一种基于对抗结构化控制的仿生机器鱼运动控制方法、系统,属于仿生机器人控制领域,旨在解决现有仿生鱼控制方法训练难度高、运动效率低、鲁棒性差的问题。该方法包括:以运动至目标点的精度与速度为奖励项,以舵机功率和为损失项,构建优化目标函数;优化产生舵机全局控制量的中枢模式发生器模型的参数,固化其参数后优化舵机补偿控制模型的参数;迭代进行模型的参数优化;通过训练好的模型获取仿生机器鱼全局控制和补偿控制信号,并将两组输出信号的线性组合作为机器鱼舵机的控制信号,实现机器鱼的运动控制。本方法和系统结合全局控制信号与局部补偿控制信号,进行模型对抗训练,训练难度低,仿生机器鱼运动精确、能耗低。

Description

基于对抗结构化控制的仿生机器鱼运动控制方法、系统 技术领域
本发明属于仿生机器人控制领域,具体涉及了一种基于对抗结构化控制的仿生机器鱼运动控制方法、系统。
背景技术
仿生机器鱼作为一种典型的水下机器人,在科普教育、水文监测、生物运动分析等诸多领域发挥着愈发重要的作用。其中,良好的运动控制能够帮助机器鱼实现水下快速、稳定与节能的游动,更好地完成复杂任务。因此,近年来针对仿生机器鱼的运动优化方法的研究成果层出不穷。
在研究初期,通常针对机器鱼仿生对象的差异建立不同动力学模型来提高机器鱼游动性能,如基于Kane方法的机器鱼波状游动动力学建模[1]等,为机器鱼运动控制研究提供重要理论支撑;利用广义循环神经网络辨识机器鱼游动控制的强非线性关系,并依据此关系对机器鱼稳速直游进行运动优化[2];利用粒子群算法优化中枢模式发生器(CPG,Central Pattern Generator)参数的方法来提高仿生机器鱼正游、倒游游速与稳定性[3]。
除此之外,日趋火热的深度强化学习(DRL,Deep Reinforcement Learning)方法为高维连续控制下的多目标优化问题提供了较好的算法方案,但其应用于真实世界机器人的可行性和准确性备受质疑,仍有待进一步的研究。在DRL算法的实际应用中,Levine等人建立了一个手眼机器人训练的大规模数据采集的案例[4];Ebert等人采用基于 自监督模型的方法来教机械臂学习新技能[5];Pong等人将基于模型和非模型的训练方法相结合,提出了学习效率高、性能稳定的时域差分模型[6];Srouji等人研究了利用结构化控制网络提高归纳偏差来提高真实机器人训练中的采样效率[7]。但是对于专注于高机动性运动机制研究的仿生机器鱼来说,数据量缺乏、视觉反馈实时性低以及计算资源的限制使得这些大规模数据采集方法无法充分发挥其优势。同时,利用神经网络训练非线性控制系统的难度较大,实际应用中鲁棒性较差。因此,仿生机器鱼的实际运动控制大多采用传统控制或简单智能控制,如比例-积分-微分控制器(PID)、反步滑膜控制、模糊控制等。

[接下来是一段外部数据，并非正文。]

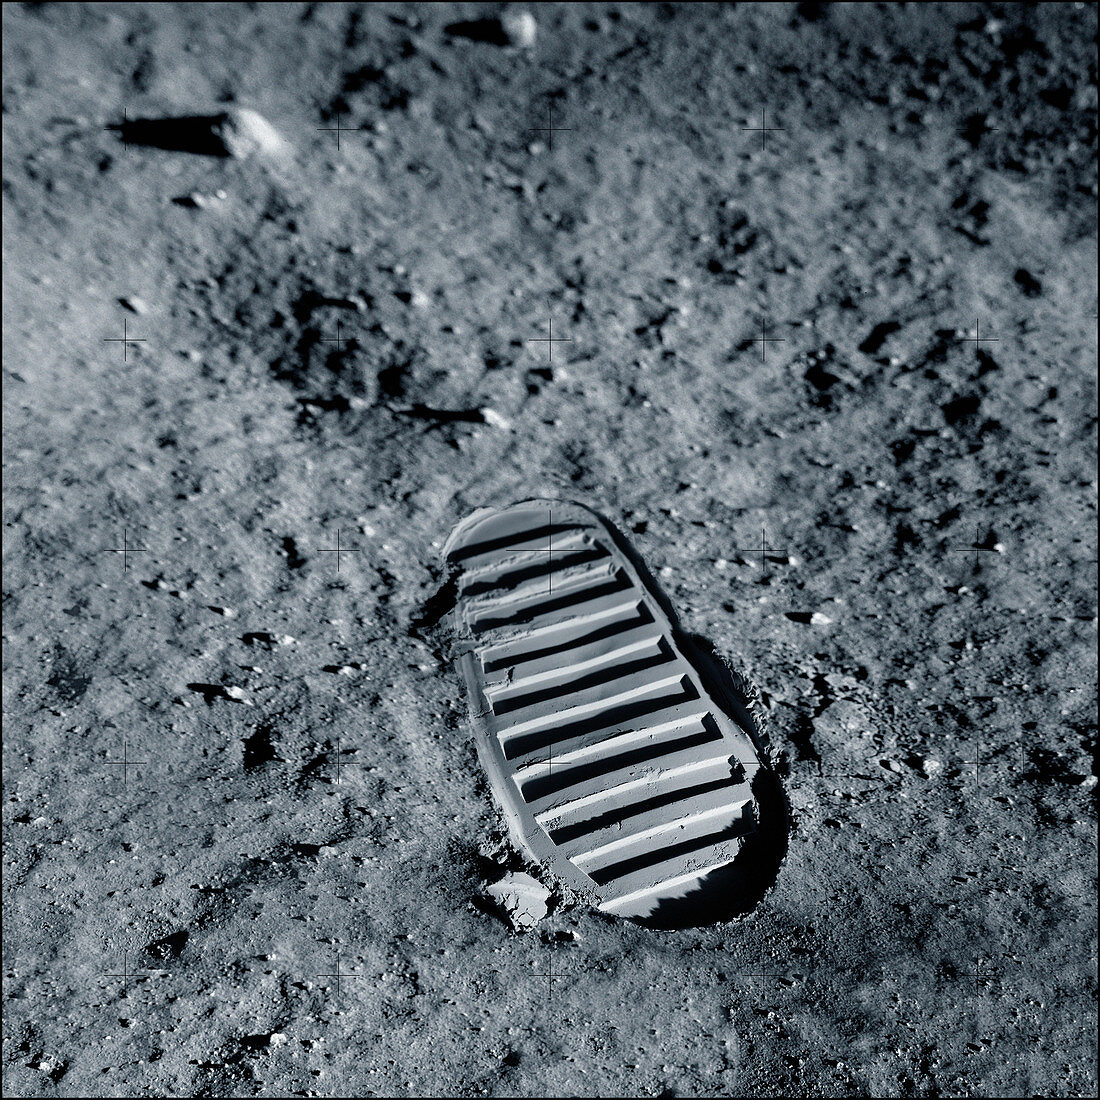 Apollo bootprint on the Moon, illustration
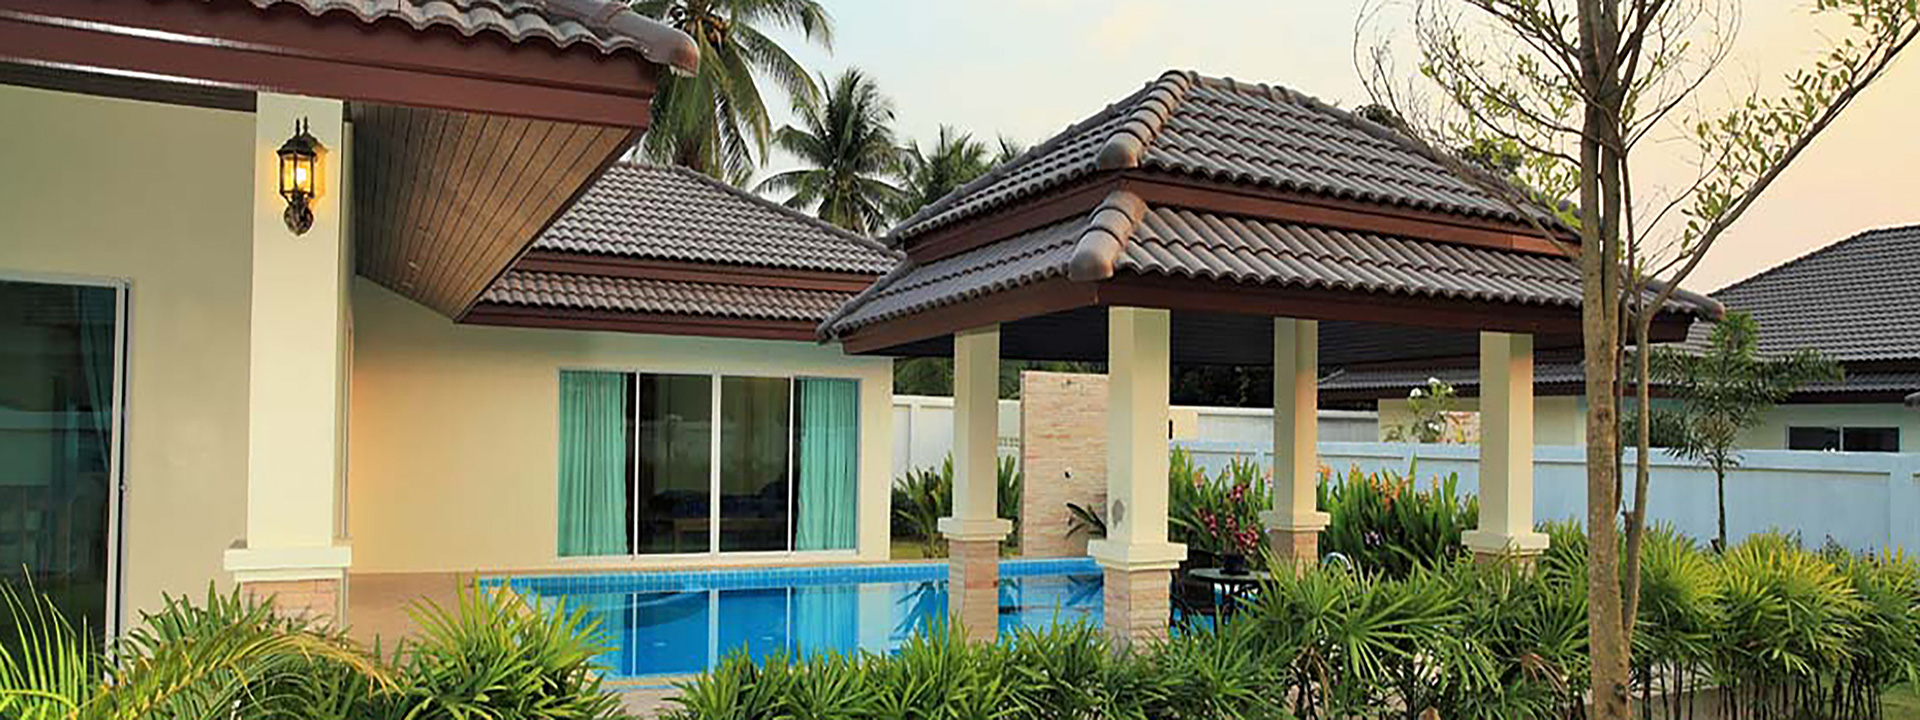 Pool Villa in Huai Yai - Na Jomtien - Pattaya, Thailand.

总的来说,现有技术直接采用深度强化学习方法学习仿生机器鱼的非线性控制律,由于数据量缺乏、视觉反馈实时性低以及计算资源的限制,训练难度高,而传统方法中仿生鱼采用的运动控制或简单智能控制,运动效率低、鲁棒性差。
以下文献是与本发明相关的技术背景资料:
[1]夏丹、陈维山、刘军考、韩路辉,基于Kane方法的仿鱼机器人波状游动的动力学建模,机械工程学报,20090615.
[2]郭顺利、朱其新、谢广明,基于GRNN的机器鱼直游稳态速度建模,兵工自动化期刊,20101115.
[3]汪明、喻俊志、谭民,胸鳍推进型机器鱼的CPG控制及实现,机器人期刊,20100315.
[4]Levine S,Pastor P,Krizhevsky A,Ibarz J,Quillen D.Learning hand-eye coordination for robotic grasping with deep learning and large-scale data collection[J].The International Journal of Robotics Research,2018,37(4-5):421-436.
[5]Ebert F,Finn C,Lee A X,Levine S.Self-supervised visual planning with temporal skip connections[J].arXiv preprint arXiv:1710.05268,2017.
[6]Pong V,Gu S,Dalal M,Levine S.Temporal difference models:Model-free deep rl for model-based control[J].arXiv preprint arXiv:1802.09081,2018.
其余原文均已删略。